Dataset section
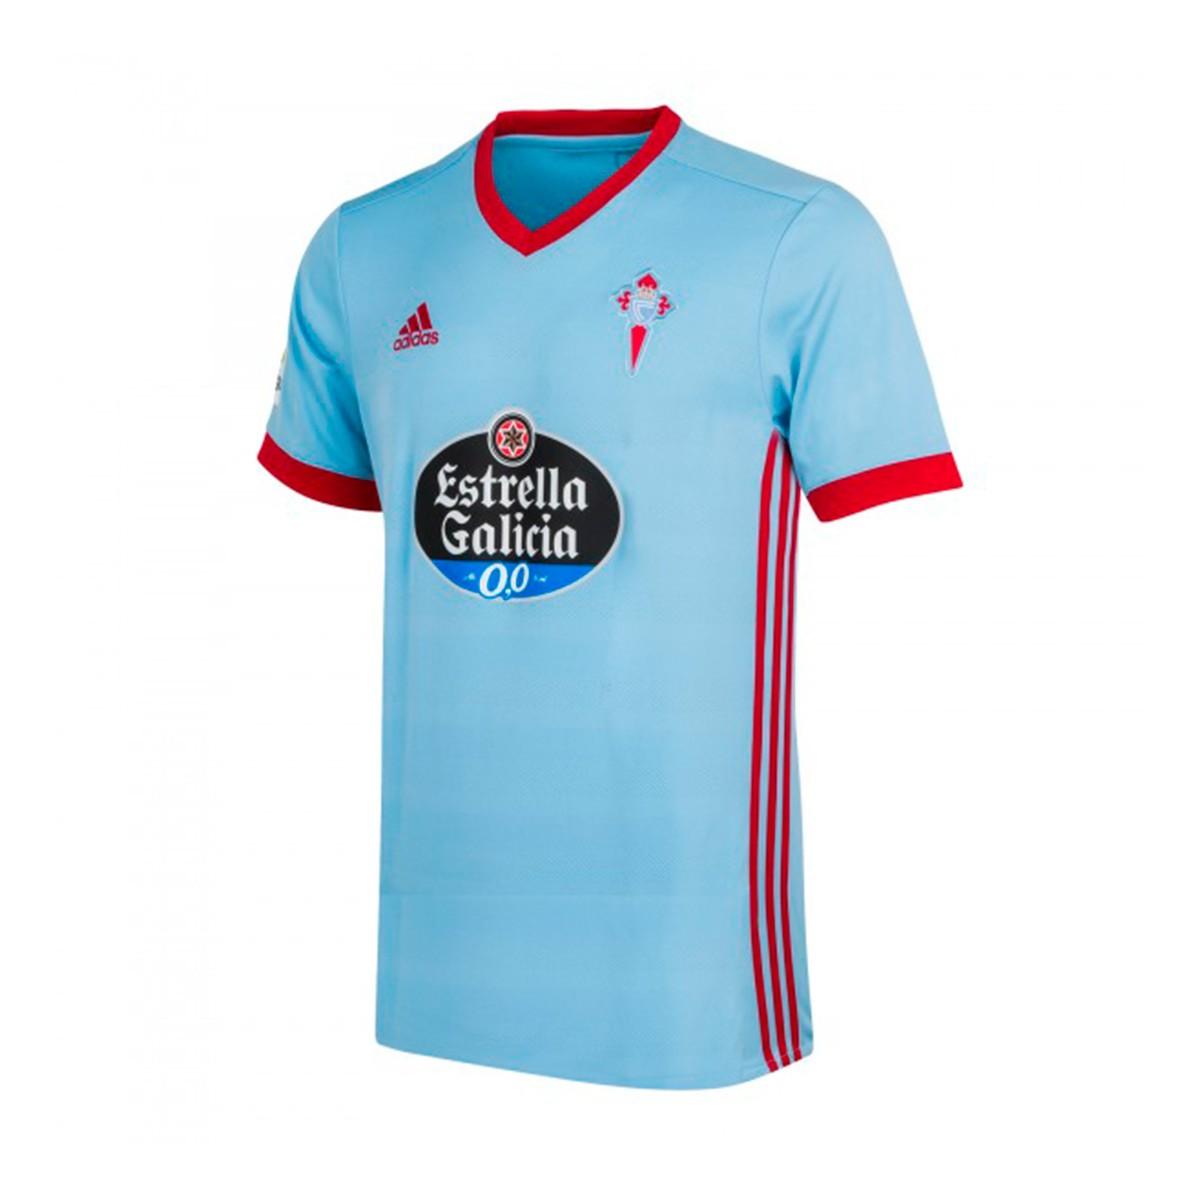 ... Camiseta Celta de Vigo Primera Equipación 2017-2018 Niño Clear  blue-Power red-. CATEGORY 4ed13ae625d98
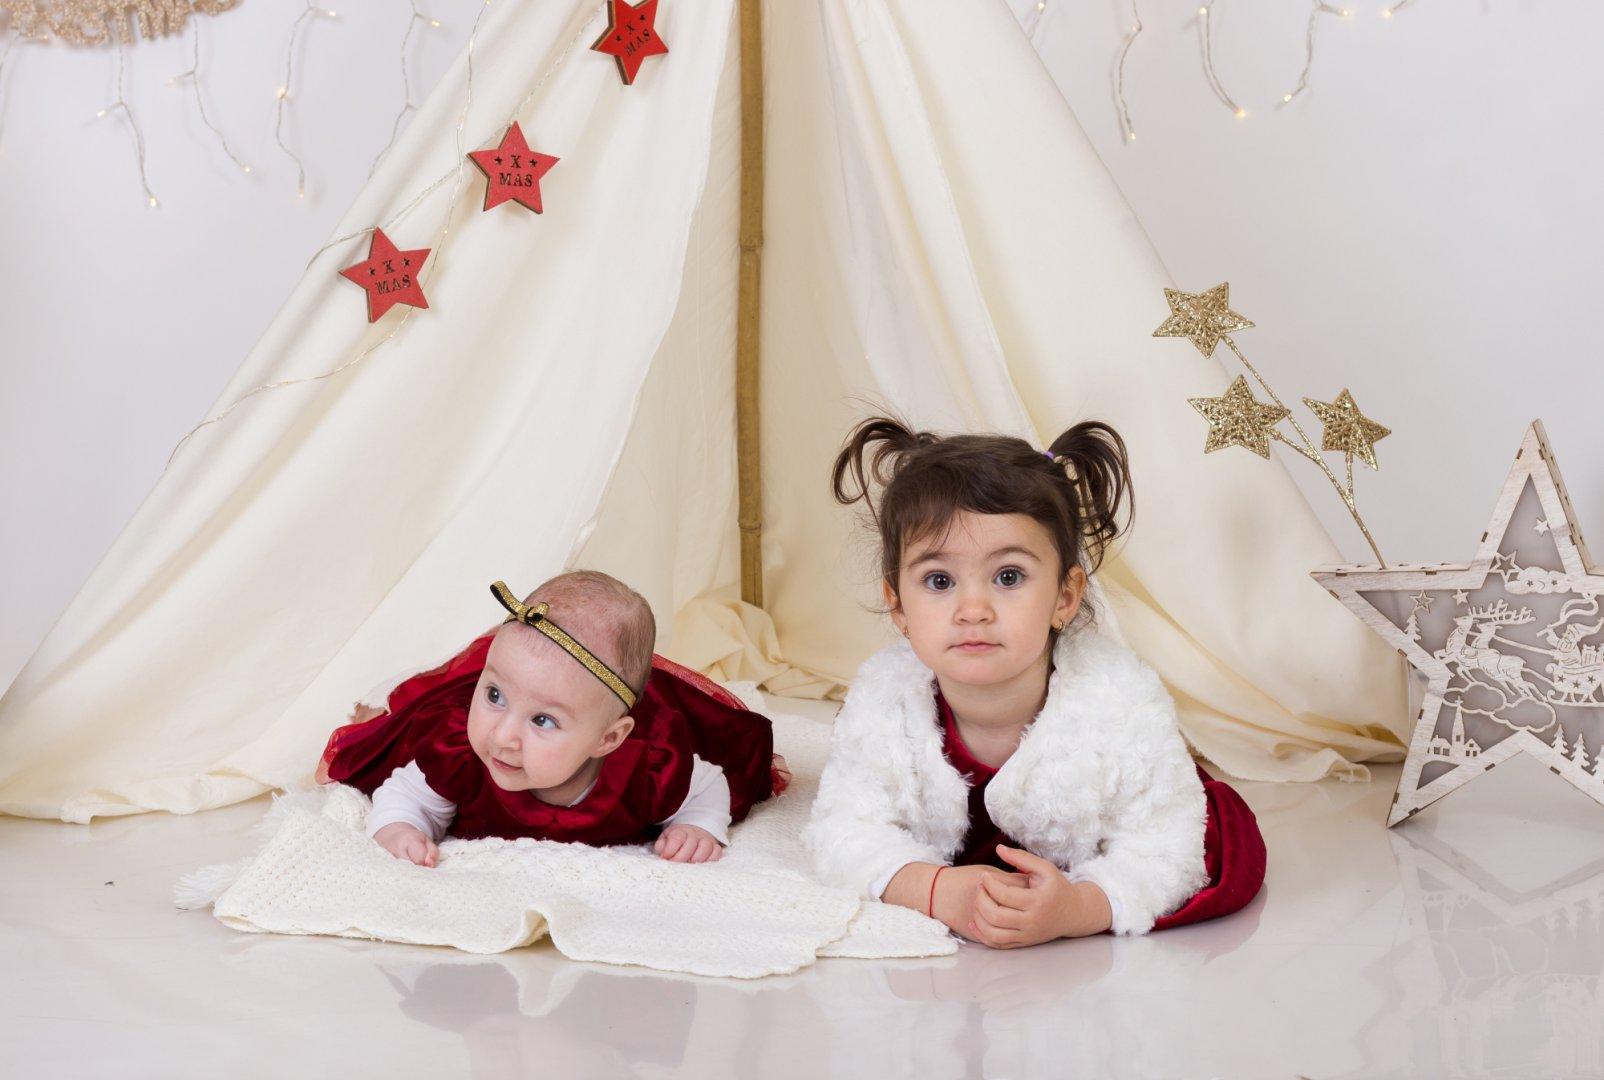 Това е първата съвместна Коледна фотосесия на двете сестри
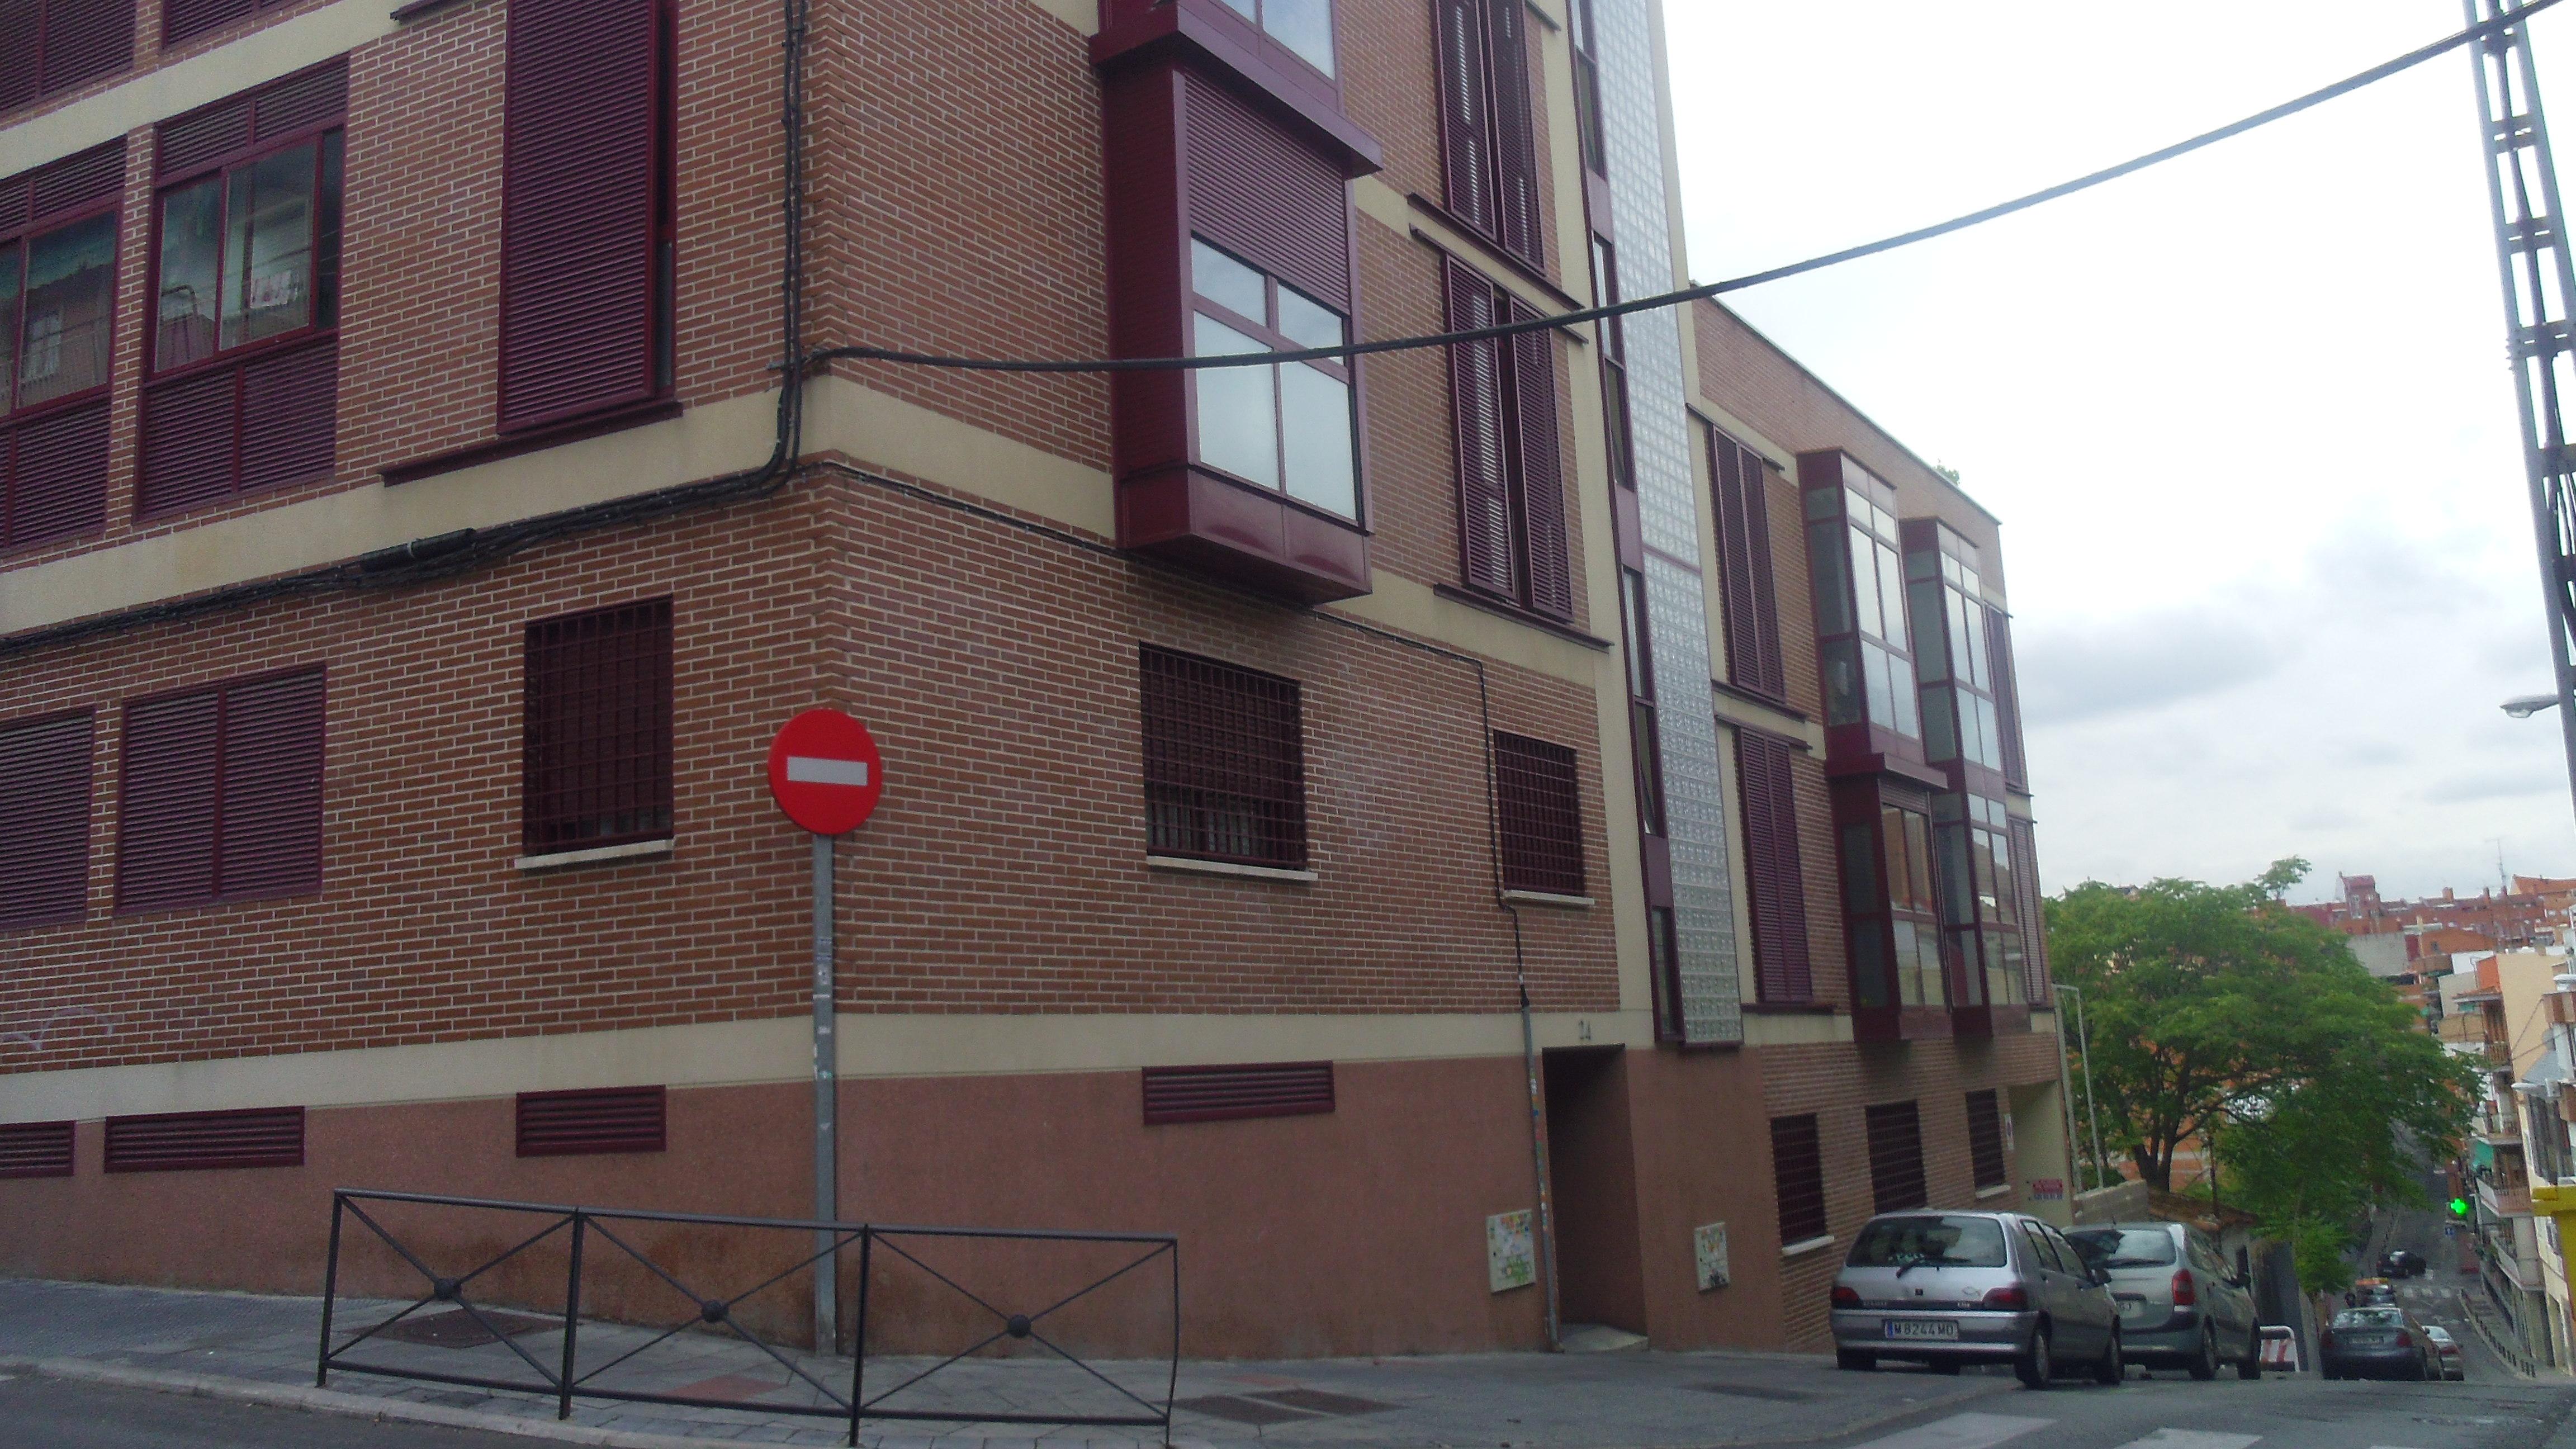 alquiler en madrid cerca de plaza castilla pisos y casas

Problem
Once more, give the listing above exactly, leaving each picture out.

Result of the exercise
 ... Camiseta Celta de Vigo Primera Equipación 2017-2018 Niño Clear  blue-Power red-. CATEGORY 4ed13ae625d98
 Това е първата съвместна Коледна фотосесия на двете сестри
 alquiler en madrid cerca de plaza castilla pisos y casas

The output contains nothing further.